4. Use Arctic in a Streamlit app

Feel free to use the Arctic chatbot app template to get started in using Arctic in a Streamlit app.

4.1. Local development

To set up a local coding environment, enter the following into a command line prompt:

pip install streamlit replicate

4.2. Cloud development

You can easily set up a cloud environment by deploying to the Streamlit Community Cloud with the help of the Streamlit app template (read more here).

Add a requirements.txt file to your GitHub repo and include the following prerequisite libraries:

streamlit
replicate
transformers

4.3. Build the app

The Arctic chatbot app can be written in 95 lines of code:

import streamlit as st
import replicate
import os
from transformers import AutoTokenizer

# Set assistant icon to Snowflake logo
icons = {"assistant": "./Snowflake_Logomark_blue.svg", "user": "⛷️"}

# App title
st.set_page_config(page_title="Snowflake Arctic")

# Replicate Credentials
with st.sidebar:
    st.title('Snowflake Arctic')
    if 'REPLICATE_API_TOKEN' in st.secrets:
        #st.success('API token loaded!', icon='âś…')
        replicate_api = st.secrets['REPLICATE_API_TOKEN']
    else:
        replicate_api = st.text_input('Enter Replicate API token:', type='password')
        if not (replicate_api.startswith('r8_') and len(replicate_api)==40):
            st.warning('Please enter your Replicate API token.', icon='⚠️')
            st.markdown("**Don't have an API token?** Head over to [Replicate](https://replicate.com) to sign up for one.")
        #else:
        #    st.success('API token loaded!', icon='âś…')

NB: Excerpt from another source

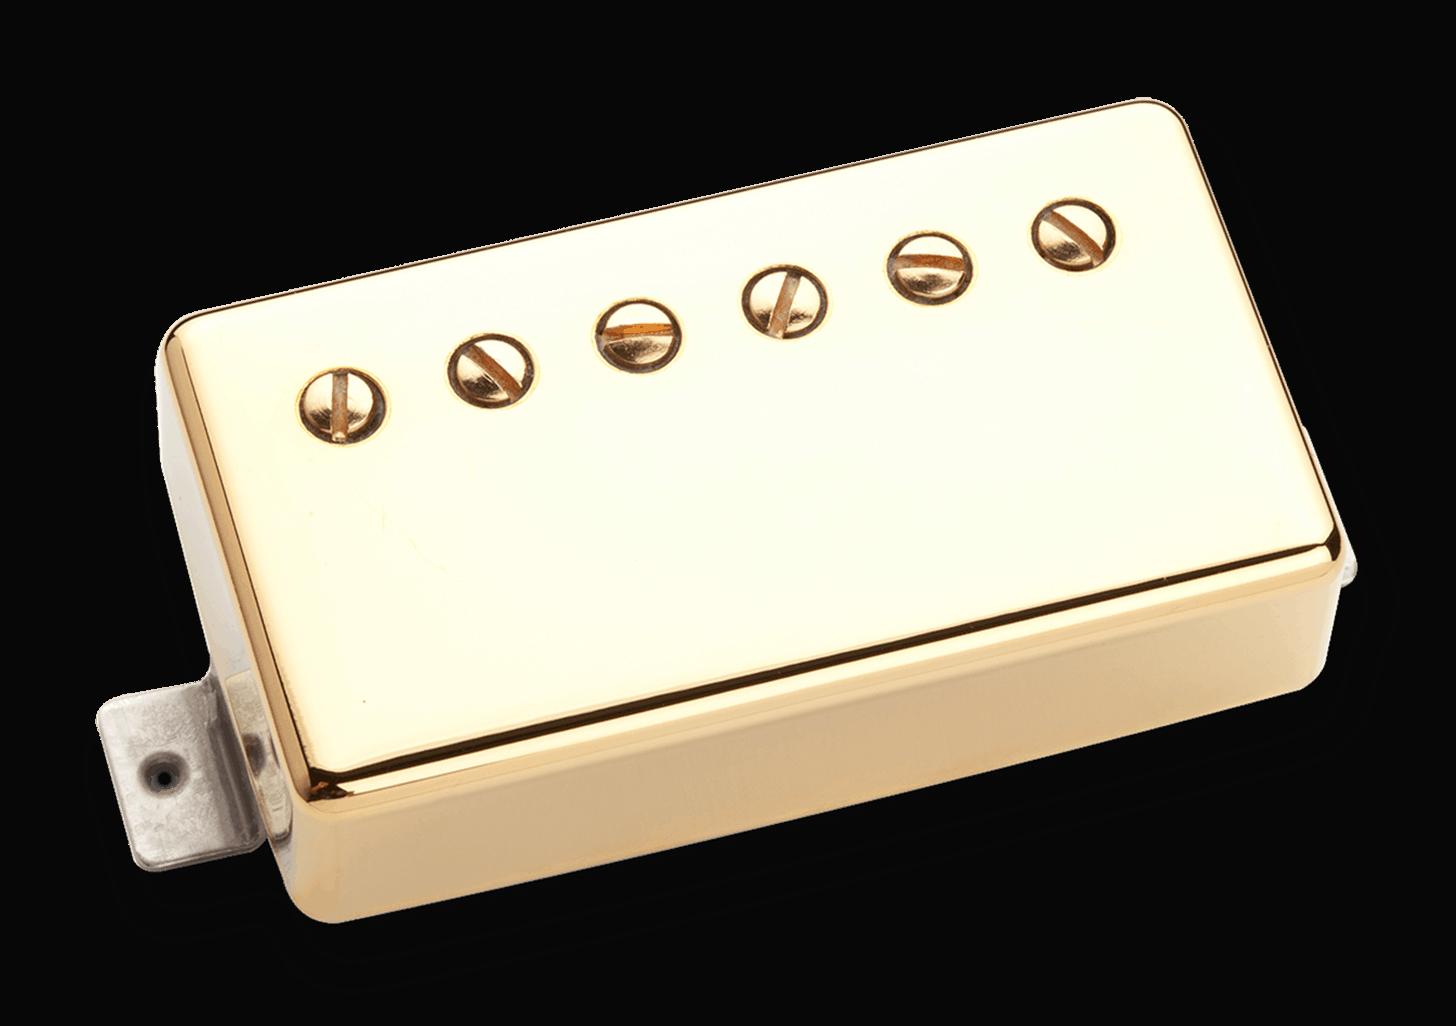 Classic Output Humbucker Pickups 11102 45 GC

    os.environ['REPLICATE_API_TOKEN'] = replicate_api
    st.subheader("Adjust model parameters")
    temperature = st.sidebar.slider('temperature', min_value=0.01, max_value=5.0, value=0.3, step=0.01)
    top_p = st.sidebar.slider('top_p', min_value=0.01, max_value=1.0, value=0.9, step=0.01)

# Store LLM-generated responses
if "messages" not in st.session_state.keys():
    st.session_state.messages = [{"role": "assistant", "content": "Hi. I'm Arctic, a new, efficient, intelligent, and truly open language model created by Snowflake AI Research. Ask me anything."}]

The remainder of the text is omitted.